La voz de mi hermano

viernes, marzo 24, 2006

He encendido el fogón cerca de la casucha de madera. Mateo en silencio, sentado frente al lago congelado. Estiro las manos sobre el fuego. Muevo la pava entre las brasas. Me cebo un mate. El cielo despejado promete una nueva sesión de luces; por lo pronto sólo hay estrellas y una luna menguante en el centro del cielo. Cierro los ojos. El recuerdo de la voz de mi hermano es tan vívido —su manera de hablar desordenada, cantarina, sacudiendo las manos—; siento su presencia a mi costado; me resisto a abrir los ojos y encontrar el espacio vacío. Aprieto los párpados con fuerza. Aguanto el llanto… “¿Se siente bien?”; abro los ojos de golpe. En el borde opuesto del asiento largo, enfundada en una campera enorme, con gorro de lana y guantes negros, Monique me mira expectante.
“Estoy bien, gracias”, nos miramos un segundo. Fija la vista en el fuego y observo su rostro de perfil, la curva del mentón, los ojos verdes de muñeca brava relampagueando con las llamas: “Lo que dijo el otro día sobre los escritores me hizo acordar a mi hermano”, comento, después de un largo silencio, “. Me hizo acordar a él”.

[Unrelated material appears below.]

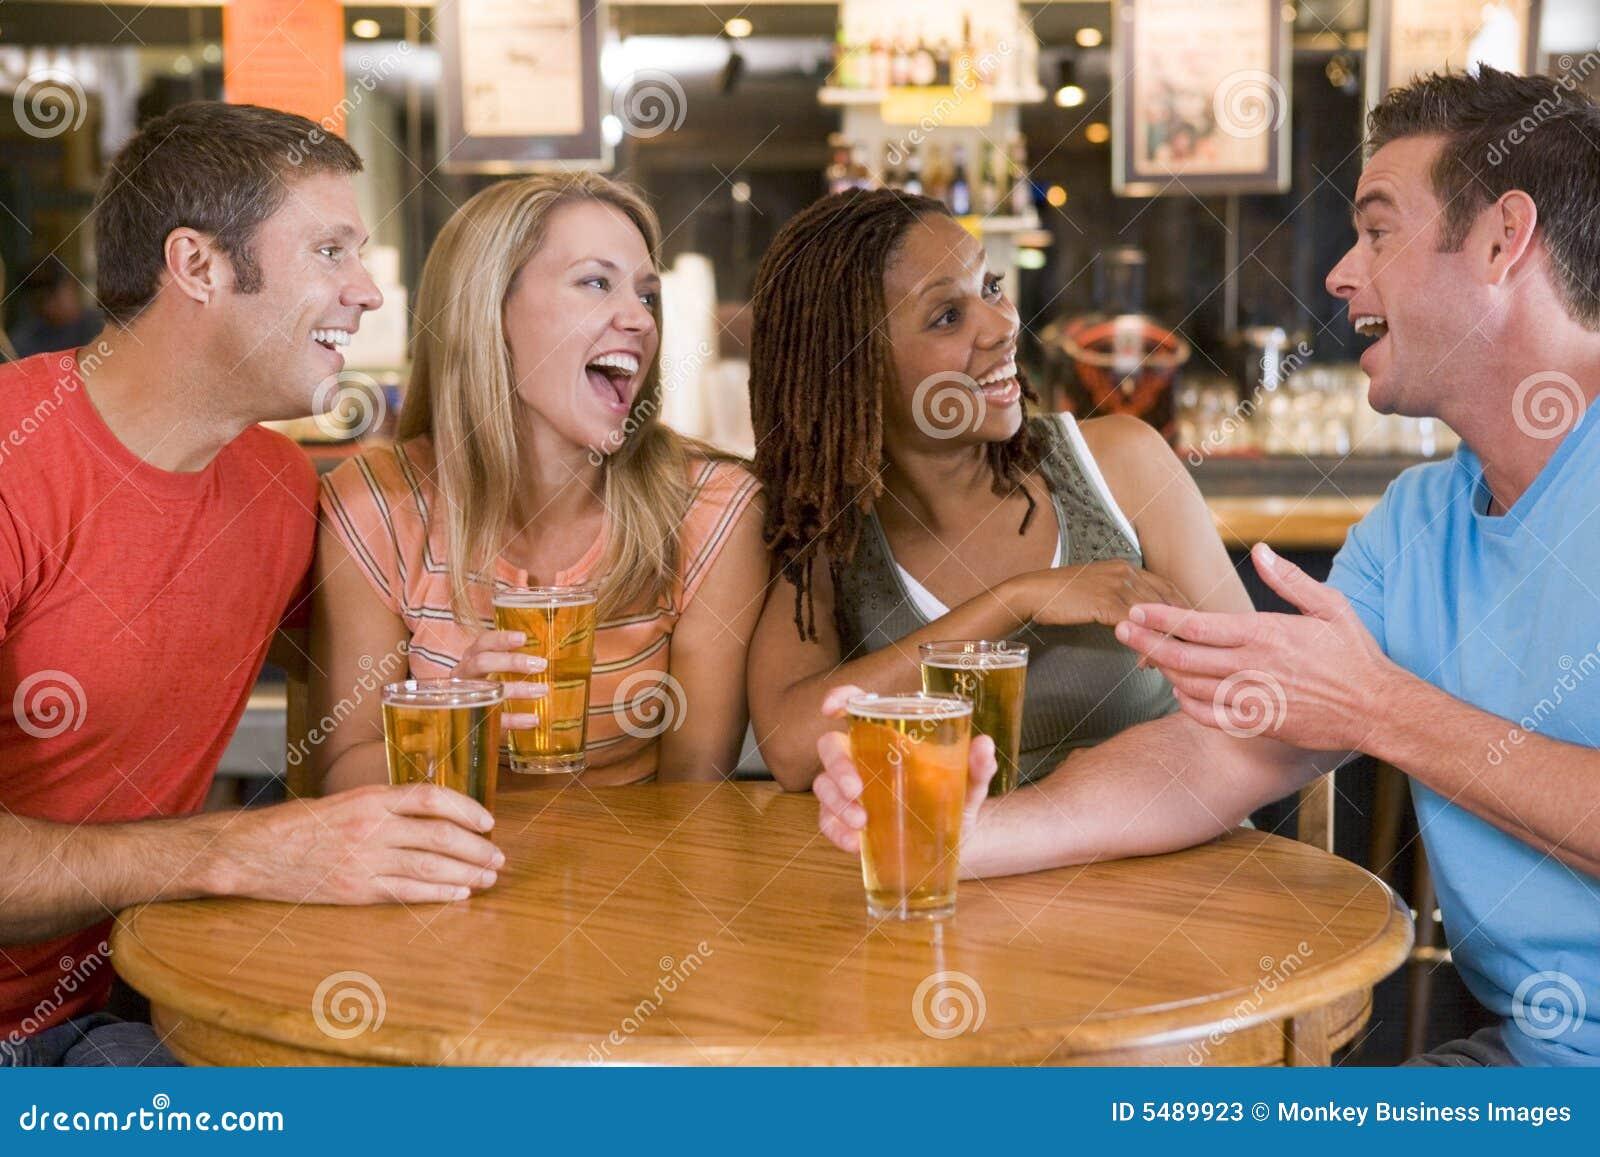 Снял в баре онлайн 8 фотография

Miramos el fuego en silencio. Monique se va deslizando sobre el asiento hasta quedar a mi lado. El calor del fuego nos envuelve y nos aísla del frío que surge desde el lago congelado: “Soy detective”, confieso, sin mirarla, “confío en su silencio. La he observado, es usted una mujer muy especial”. Me sonríe y contesta: “Gracias por la confianza. Algo intuía en su rostro, algo que no encajaba”. Aliviado por la confesión me siento más cerca de ella. Ha aceptado mi identidad con tanta naturalidad que prefiero no hablar más sobre el tema. Volvemos al silencio, a las miradas atraídas por el fuego.

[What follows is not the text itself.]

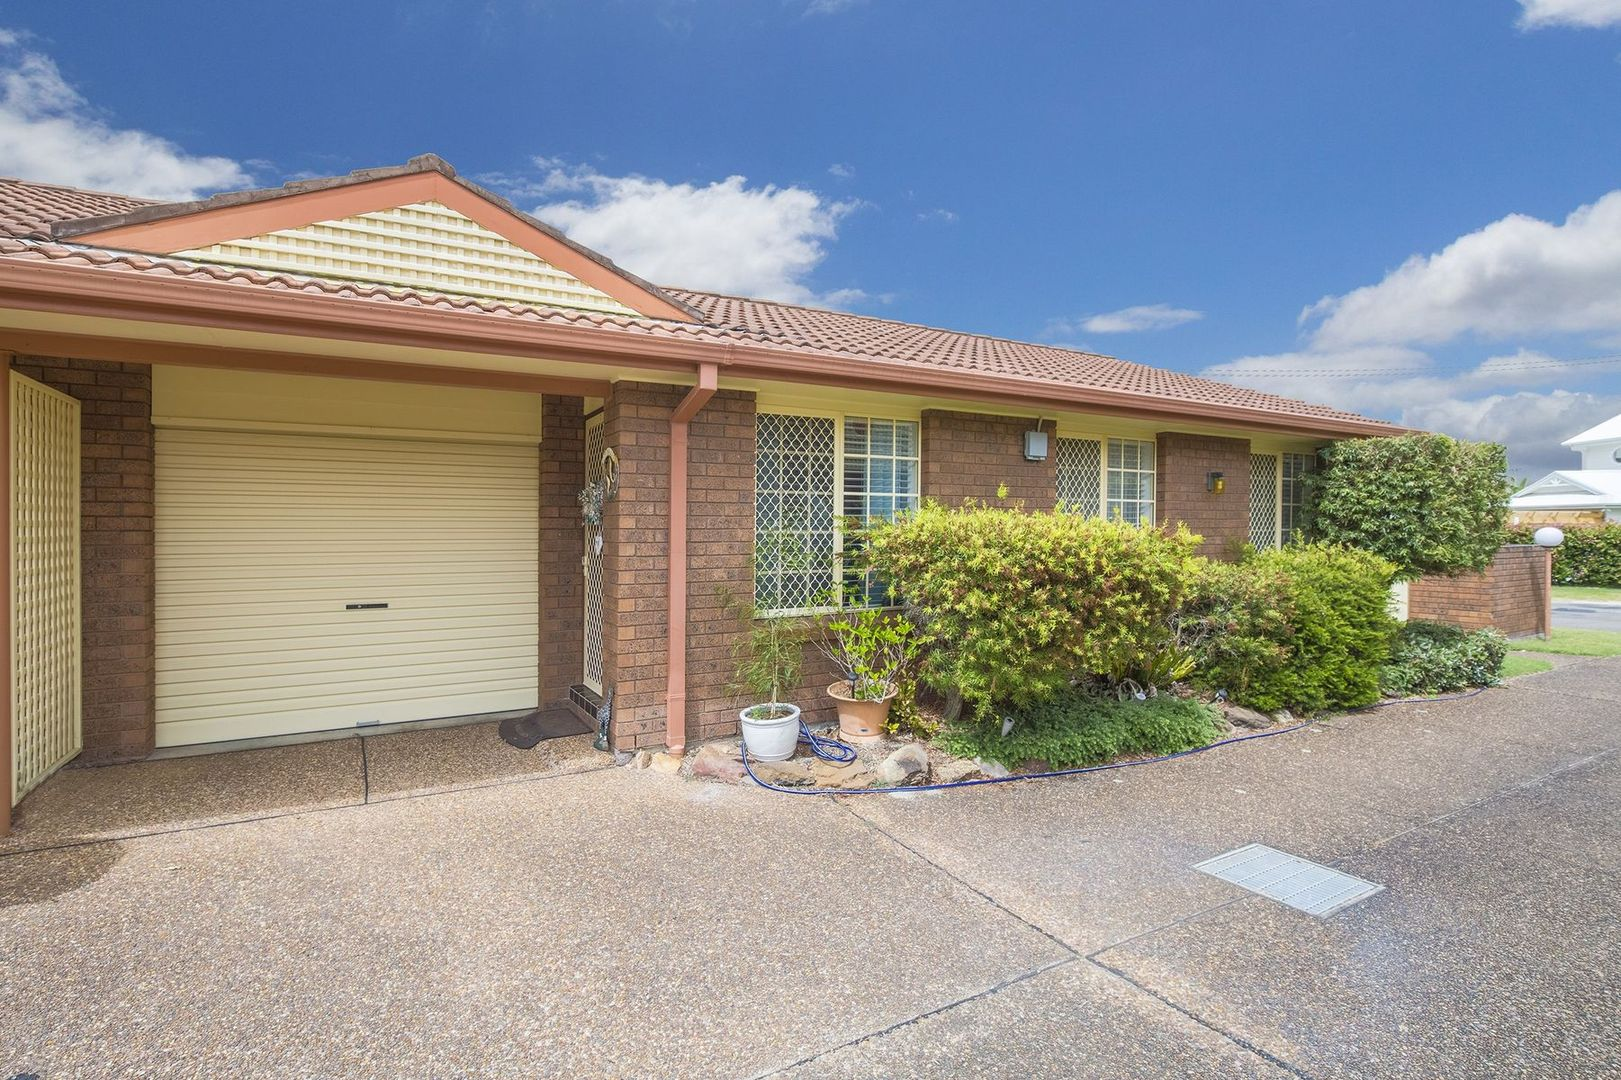 7/40-44 Nirvana Street, Long Jetty NSW 2261, Image 0

“Mi hermano era dos años mayor. Tenía veinticuatro cuando se lo llevaron. Ese mismo día yo juraba en mi ingreso a la policía”. Monique me abraza sin pensarlo y este gesto me da fuerzas para seguir hablando: “De chicos, mi vieja nos hablaba de ayudar a los pobres; mi viejo, del respeto al orden. Él lo entregó. La traición de mi viejo me explotó en la cabeza. Me borré a Corrientes, a lo de unos amigos de la infancia. Vivía como un ciruja en un pueblito perdido en los esteros. Me puse en contacto con un amigo de mi hermano: no sabían nada de él. A los pocos días cayeron cinco de sus amigos en mi casa. Escapaban. Estaban desesperados; a tal punto que confiaron en mí, sabían de mi crisis, llegaron cuando no les quedaba otra opción. Se la jugaron. Los ayudé en lo que pude. Con ellos empecé a entenderlo. En cada golpe en la puerta en medio de la noche esperaba su abrazo. Nunca llegó ese abrazo. Siempre me voy a sentir culpable de su muerte”, tiemblo como una hoja en los brazos de Monique, es la primera vez que he dicho que mi hermano ha muerto. No sé si Monique ha entendido algo de lo que he dicho, pero me sigue acariciando el pelo, lagrimea; la miro a los ojos, la sonrisa plena. Nos abrazamos con fuerza. “No ha sido tu culpa” me regala Monique la frase certera, llena de piedad; y mientras miro el fuego con ojos desorbitados, y la voz de mi hermano vuelve a surgir entre las brasas, me gustaría sentir que lo que ha dicho Monique es cierto; me gustaría hablar con él, decirle tantas cosas.